Frequent use is made of the short term “solar constant” to denote the derived values of the intensity, expressed in appropriate thermal units, of solar radiation as if measured just outside the atmosphere of the earth when at its mean distance from the sun.

Determinations of the solar constant show small but important fluctuations from day to day. This investigation is a search for evidence as to what part, if any, of these and of other short-period fluctuations, should be ascribed to solar changes, and what part, if not all, must be assigned to the inevitable errors of derivation.

Unusual methods of analysis are required, because the total variation due to all causes is so small that it is entirely plausible that all of it may be nothing but errors of measurement. At the same time it is possible some solar variation may exist.

SECTION I. The mathematical equations for computing the solar constant are given with extensions drawn from statistical theorems for impersonally measuring, comparing, and correlating variations in observational data.

SEC. II. Securing highly accurate values of the solar constant in absolute magnitude is a difficult problem by itself and is wholly foreign to this study.

Evidence for and against day-to-day and other variations in solar intensity can be secured from pyrheliometer readings alone.

How this is done is shown by a sample analysis of the latest and best observations thus far published in full, namely, for Calama, Chile, July, 1918, to July, 1919. The pyrheliometer is the basic instrument for all solar constant measurements. Its errors are smallest, most certainly known and most constant, and when properly standardized it is the most comparable of all the instruments employed.

It is not difficult to show that nothing but the sun and errors of derivation can cause variations of the solar constant at a single station.
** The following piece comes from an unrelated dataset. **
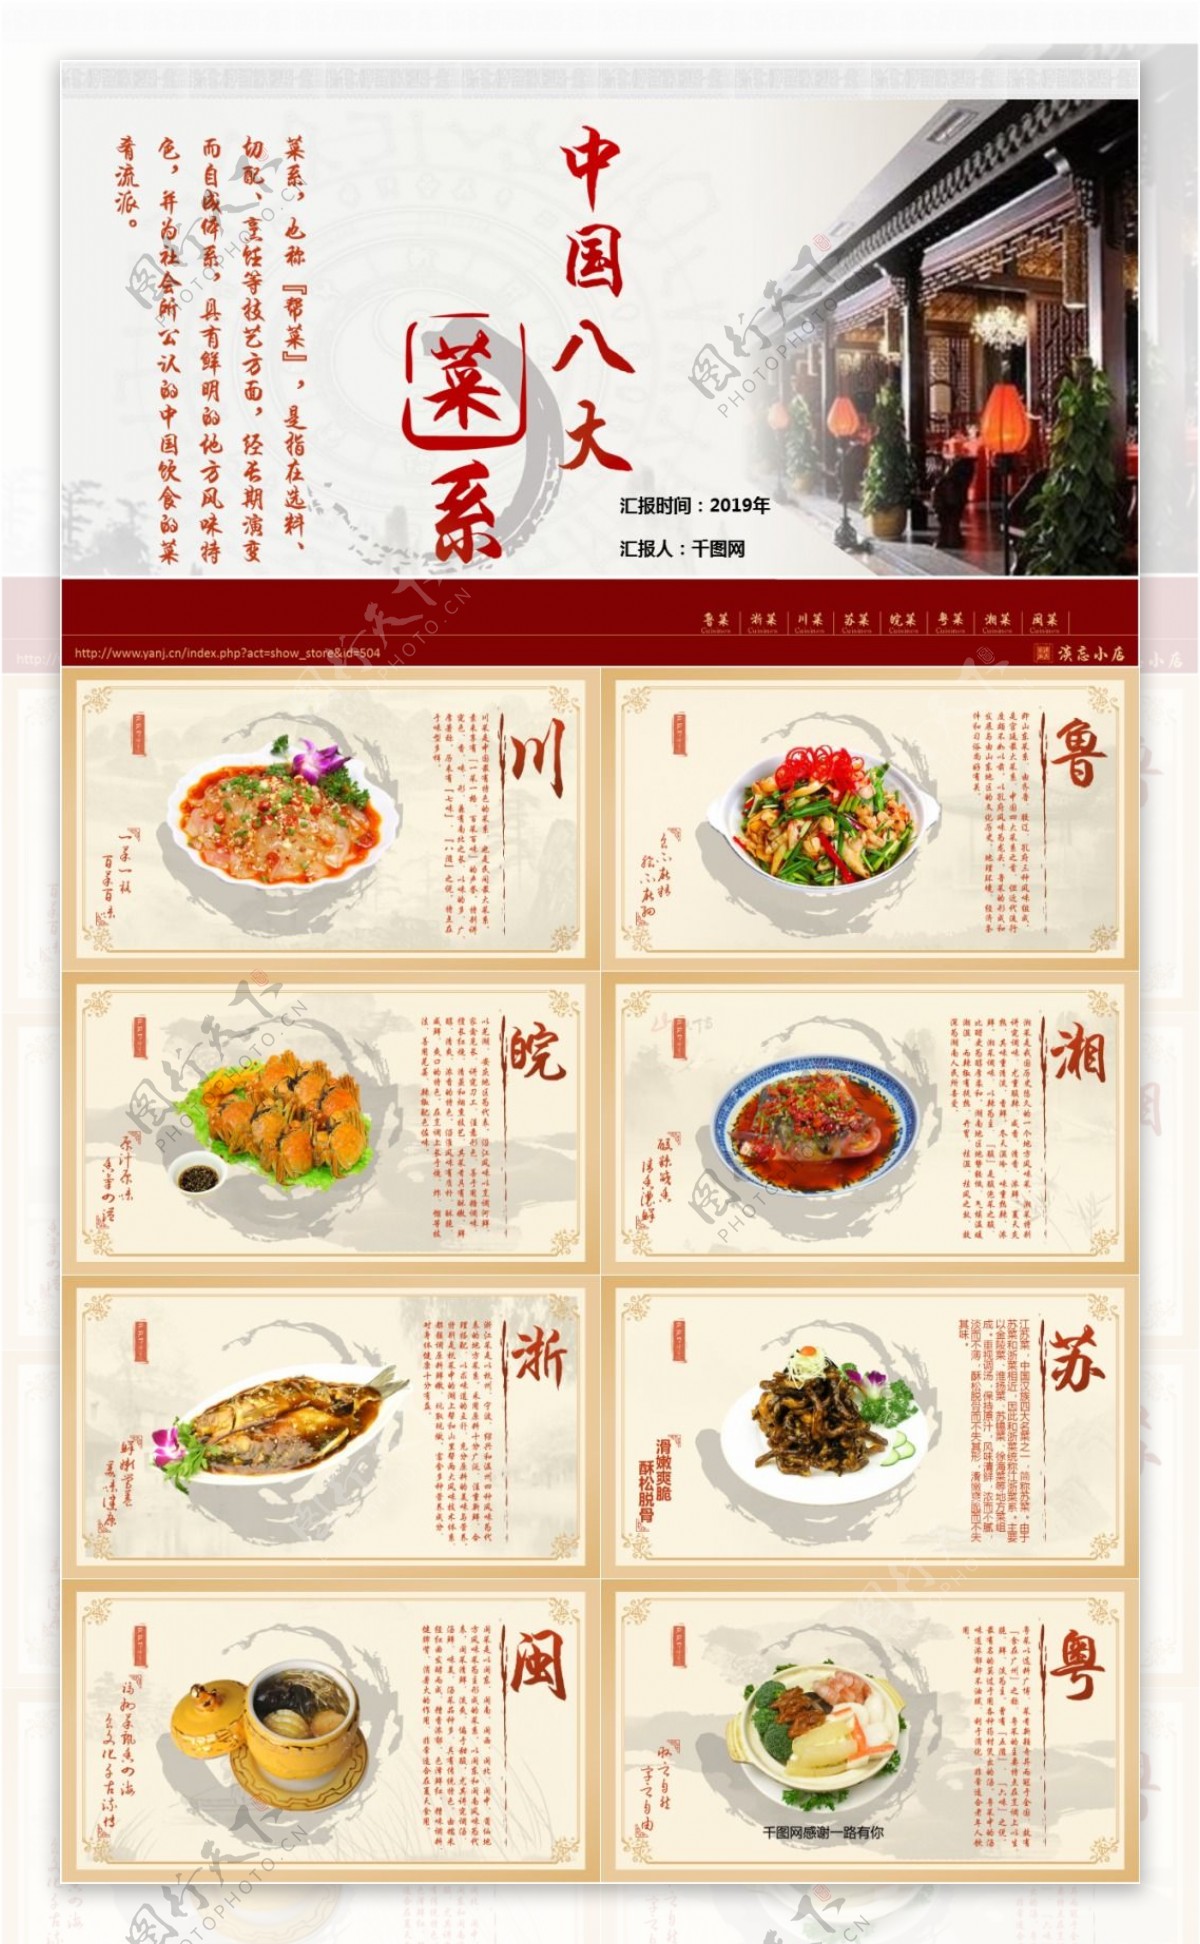 中国八大菜系产品介绍ppt模板免费下载
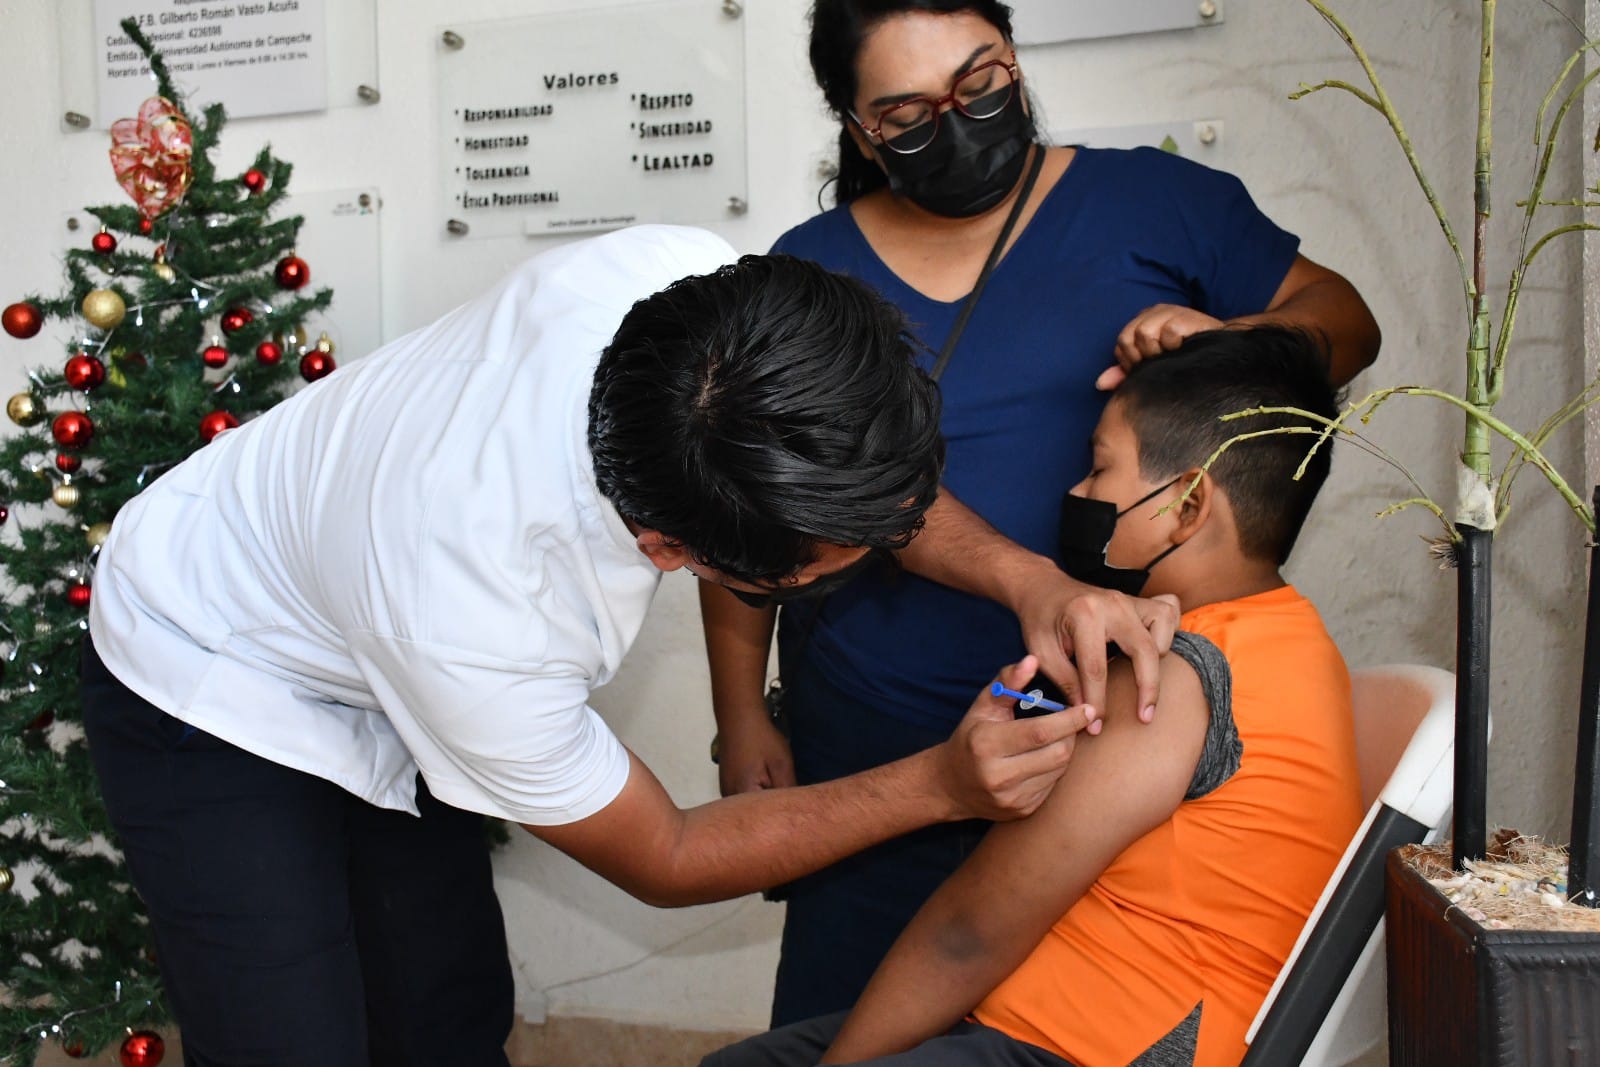 Vacaciones de invierno provoca baja demanda de vacunas contra la influenza en Campeche: SSa

If half the total variation found at Calama is assumed to be due to the sun, analysis shows the probable departure of any daily value from the mean for the year due to the sun to be ± 0.0083 calorie. To ascribe this small possible variation to the sun is to assume that the total variation at the Calama station due to all causes is the irreducible minimum of total variation to be found when values are available from many equally good stations.

SEC. III. A graphical tabulation is given to aid in the interpretation of correlations between pyrheliometer and other observations.

SEC. IV. Consecutive values of solar constant values from 1902 to 1924 are charted and probable variations evaluated and illustrated.

SEC. V. Any annual periodicity in solar constant values is prima facie evidence of terrestrial influence. Small but important summer and winter effects of this kind based on fully 3,000 daily values are shown in a striking manner, including the physically inconsistent values for the station at Harqua Hala, which are found to be correlated with the values at Montezuma in an artificial way.

SEC. VI. An example is given of how solar variations can be segregated from variations due to errors, when simultaneous observations are available from one or more pairs of independent stations by the solution of three simultaneous equations between solar variation and the two other unknown variations caused by station errors. Incidentally, it is shown how to ascertain whether the three unknowns are interdependent and thus how to interpret in a rational way the results secured.